Террор на пороге - Страница 3
А Международный конкурс уже замаячил. Не в тумане и не вдали… Так что хорошо, что Екатерина в общении со струнами действовала исключительно пальцами, а не смычком!
— Не беспокойся. Ничего не изменится! — угадывая маменькины метания, твердил Яша. — Екатерина во всем будет твоей союзницей. Вот и на конкурс со мной поедет.
— А я? — растерянно прошептала она.
— Я хотел тебе сказать, что Екатерина тоже поедет. Тоже… Как и ты! — поторопился уточнить Яша. — И когда меня выдвинули, сразу обусловил, что поеду только со всей семьей.
Он уже чуть-чуть изменился: выдвигал условия, чего раньше не наблюдалось. И начинал выглядеть не только сынком, но и мужем. А точнее, мужчиной…

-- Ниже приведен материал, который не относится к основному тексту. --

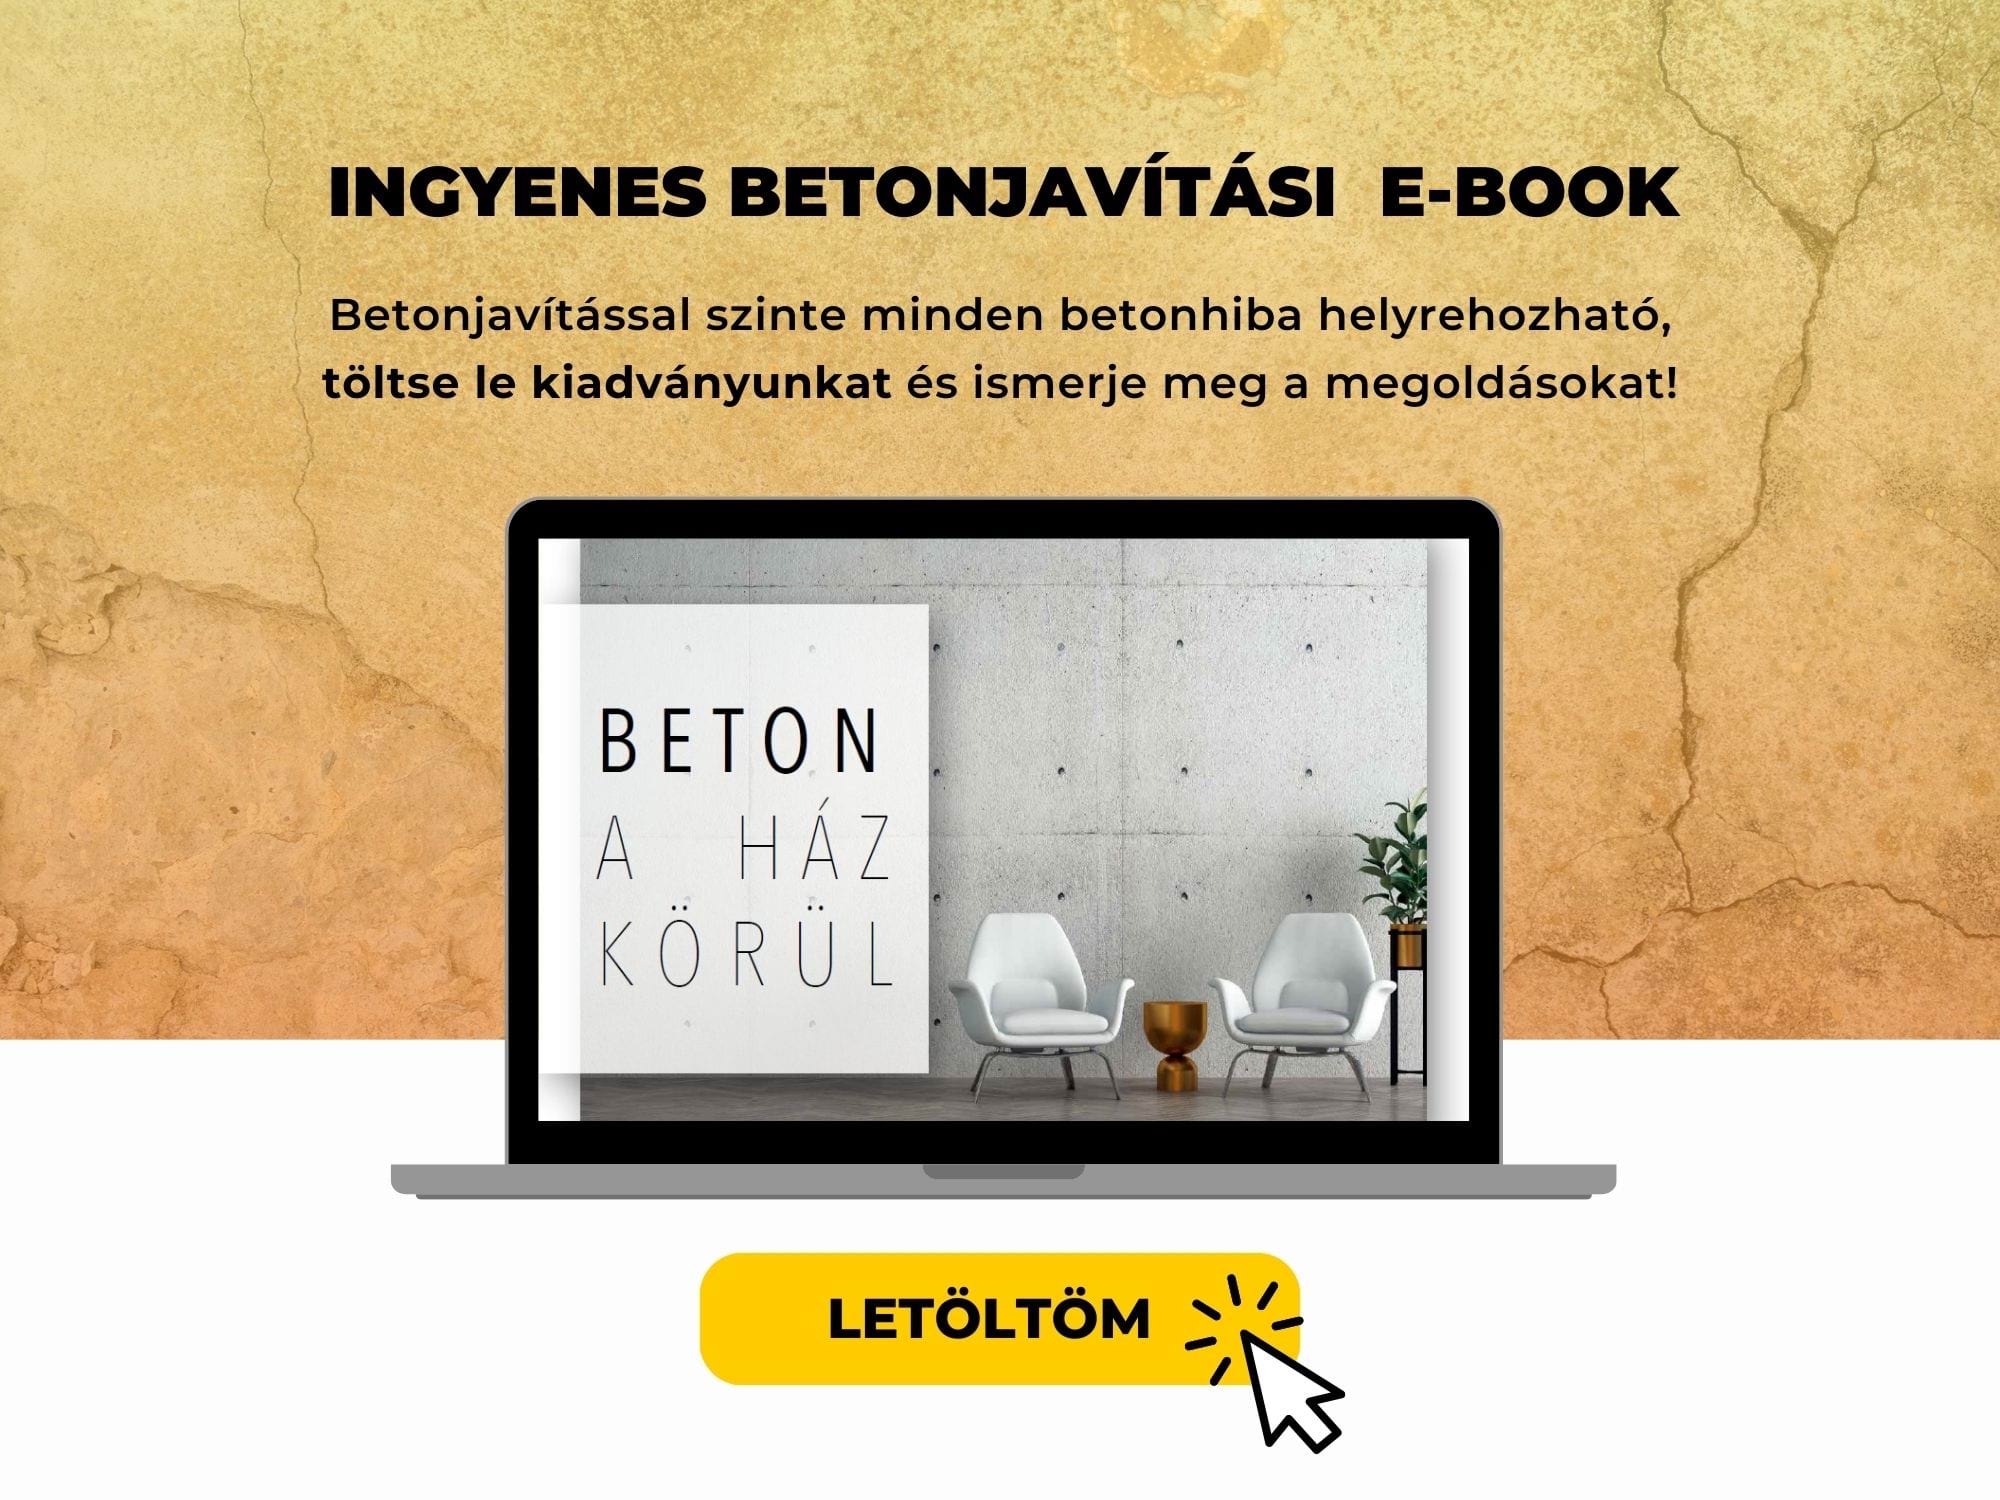 Betonjavitasi e-book banner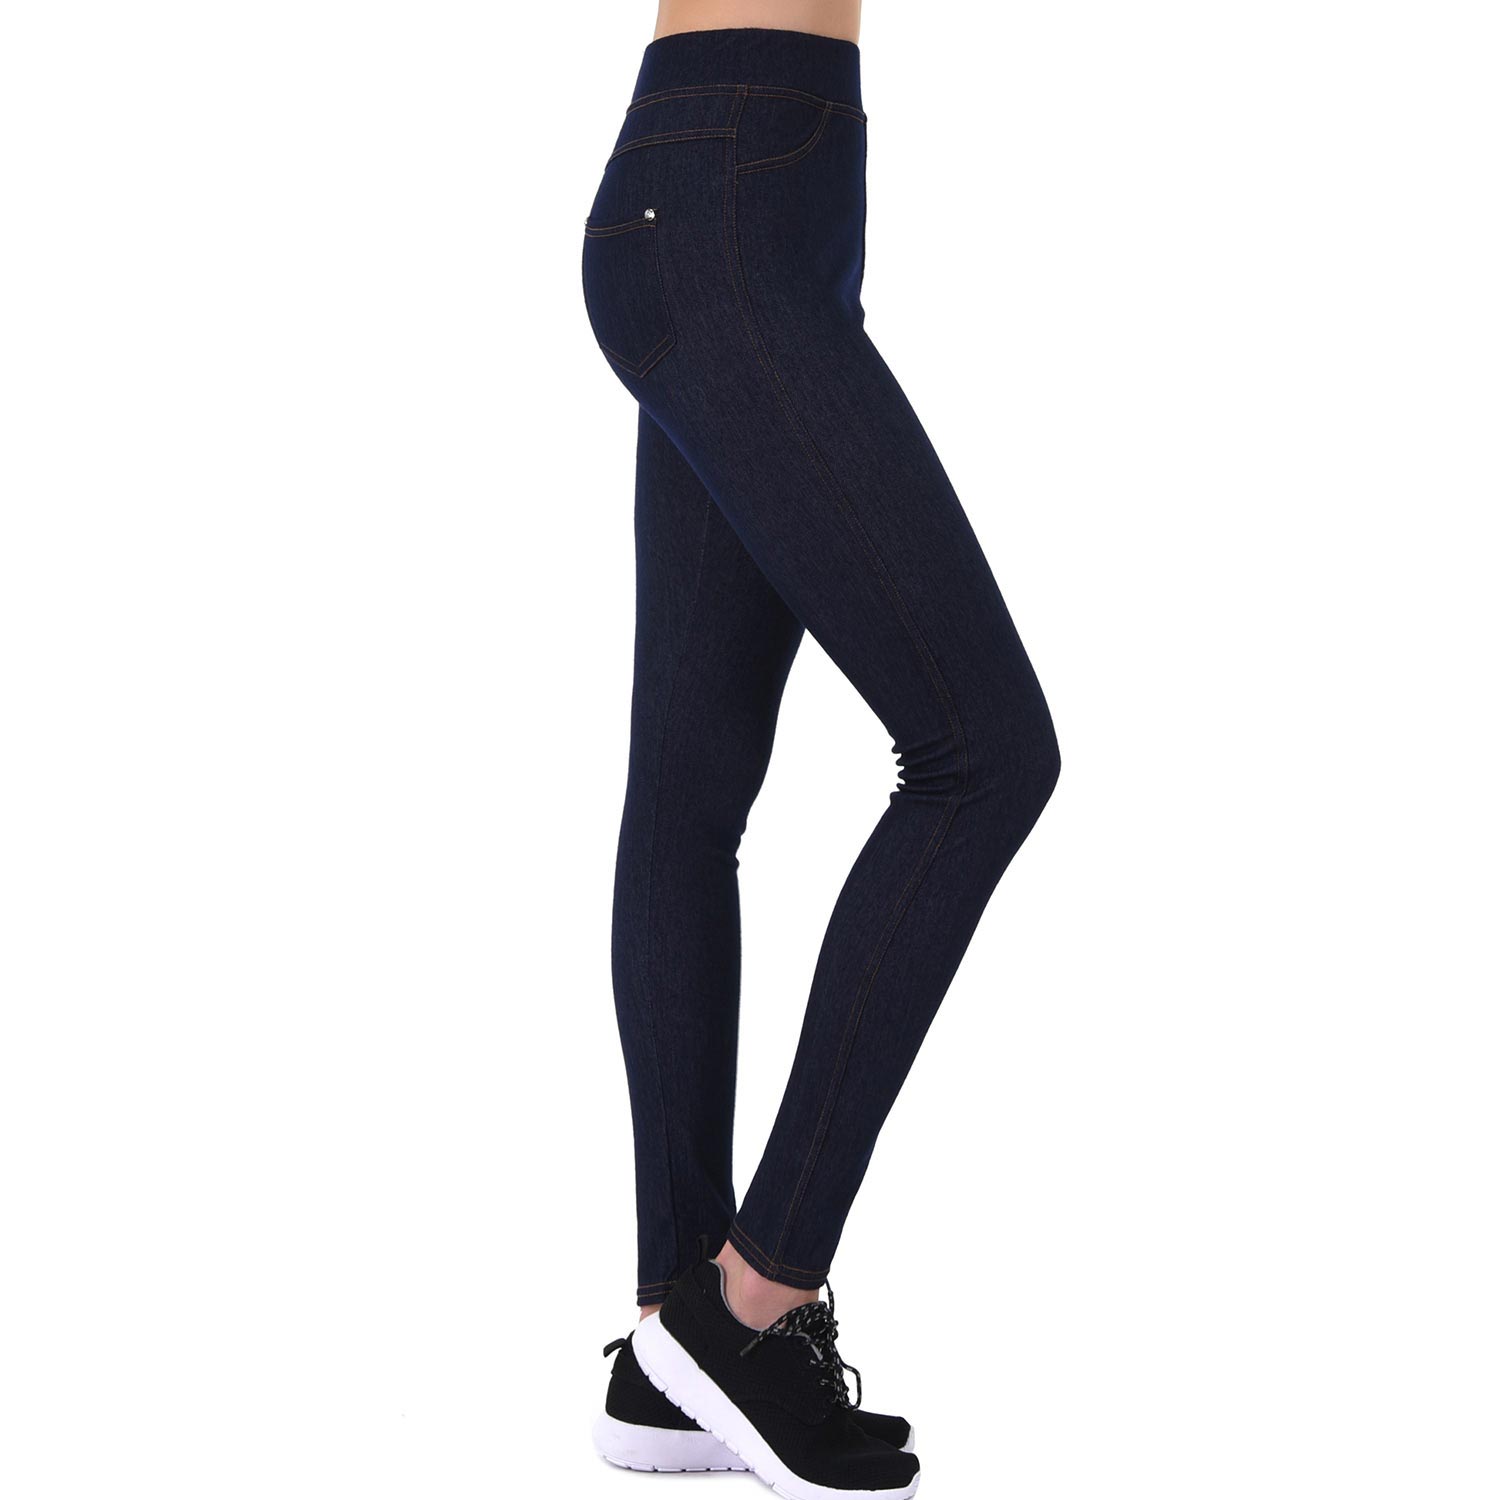 2 Pack Ladies Jeans Leggings W/ Back Pockets

Вскоре Екатерина на правах члена семьи переехала к ним. Но арфу с собой пока не взяла.
— Сейчас для меня и для мамы будет существовать лишь твоя скрипка. А моя арфа нам не ко времени! — сказала Екатерина.
«Блюдет дистанцию!» — констатировала маменька. Она неожиданно ощутила, что и в слове «мама» есть своя прелесть. Екатерина назвала ее мамой как-то не нарочно, естественно, не пытаясь завоевать этим родственное к себе отношение и втереться в доверие.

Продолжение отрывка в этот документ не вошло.